Data excerpt
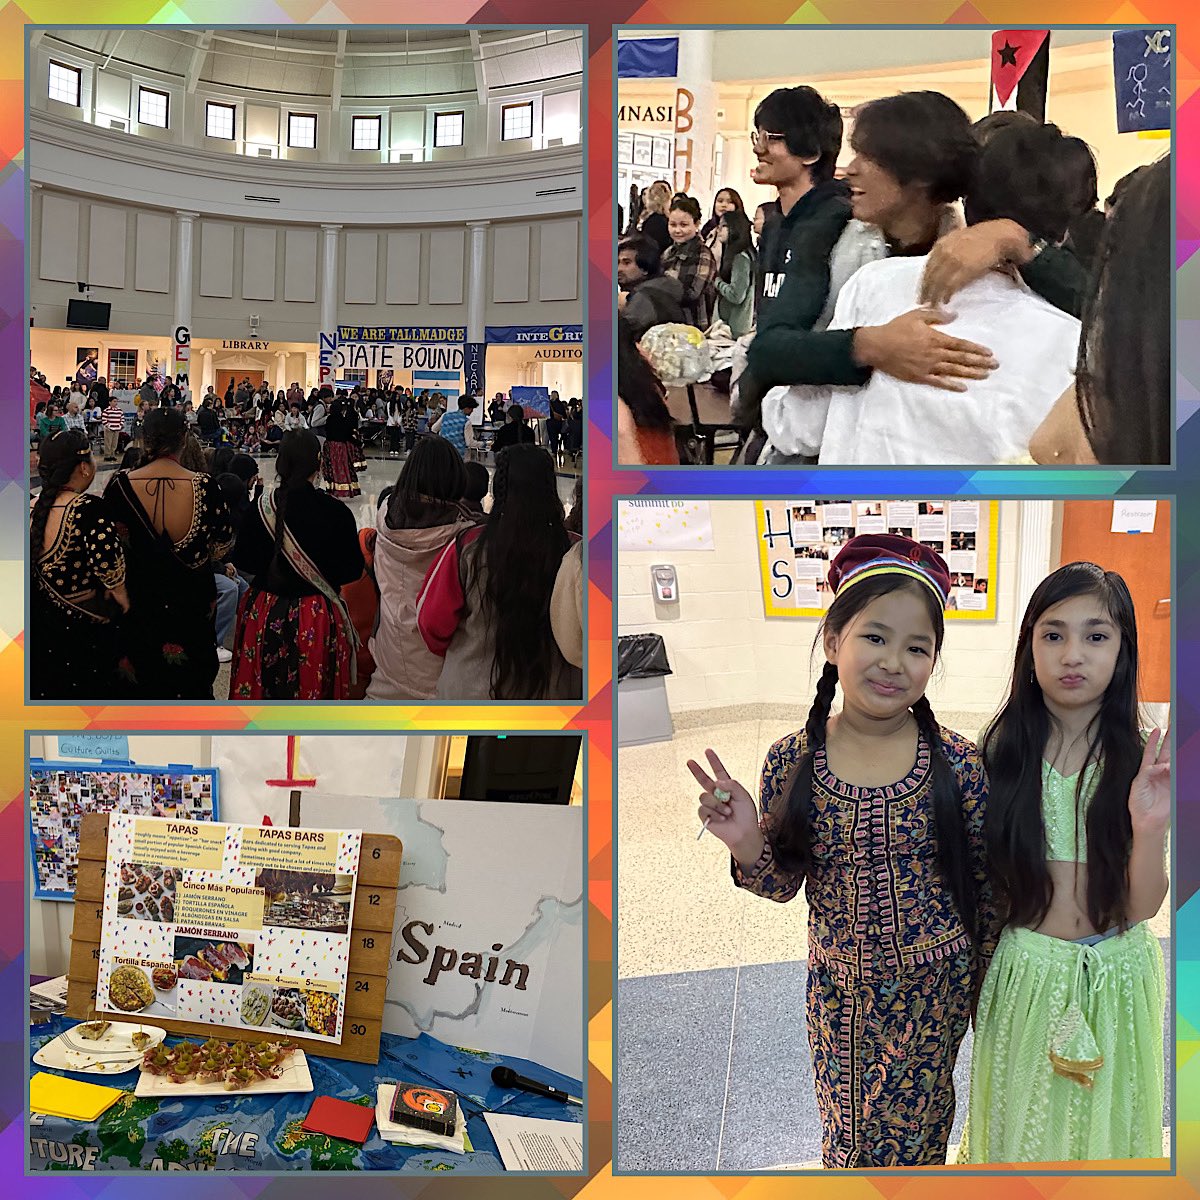 A small glimpse at an absolutely spectacular student showcase! #TCSInternationalNight 💞#StudentsShine #CommunityConnections
@tcstweets1 @tcs_swood @tcs_curriculum
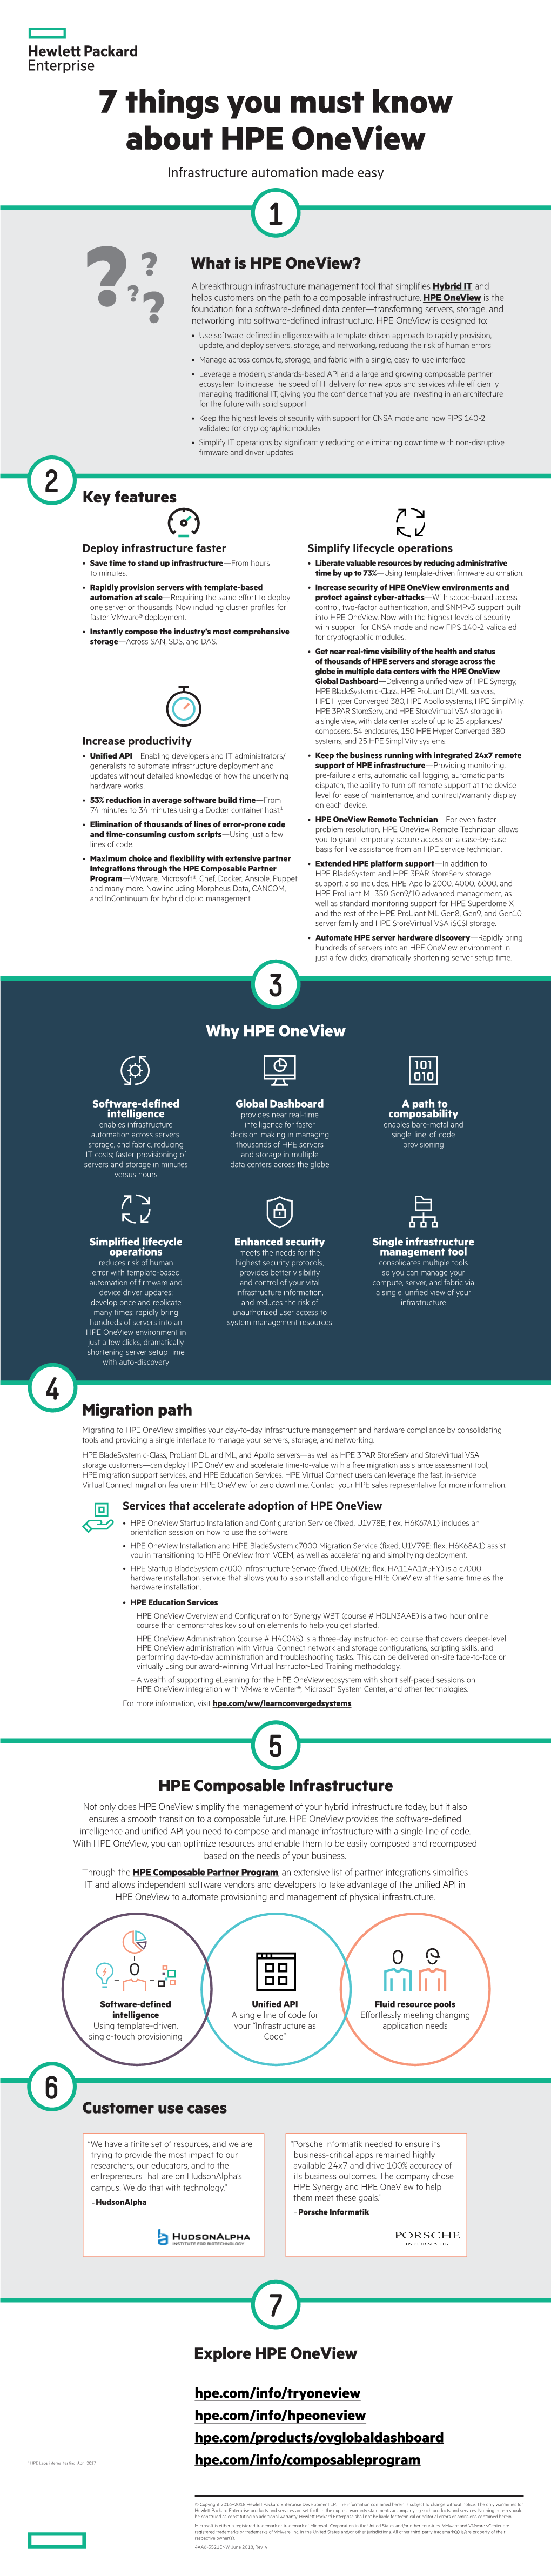 7 Things You Must Know About HPE Oneview Infographic

Problem to work on
The response should reproduce all the material above exactly and leave out its pictures.

Solution for this problem
 A small glimpse at an absolutely spectacular student showcase! #TCSInternationalNight 💞#StudentsShine #CommunityConnections
@tcstweets1 @tcs_swood @tcs_curriculum
 7 Things You Must Know About HPE Oneview Infographic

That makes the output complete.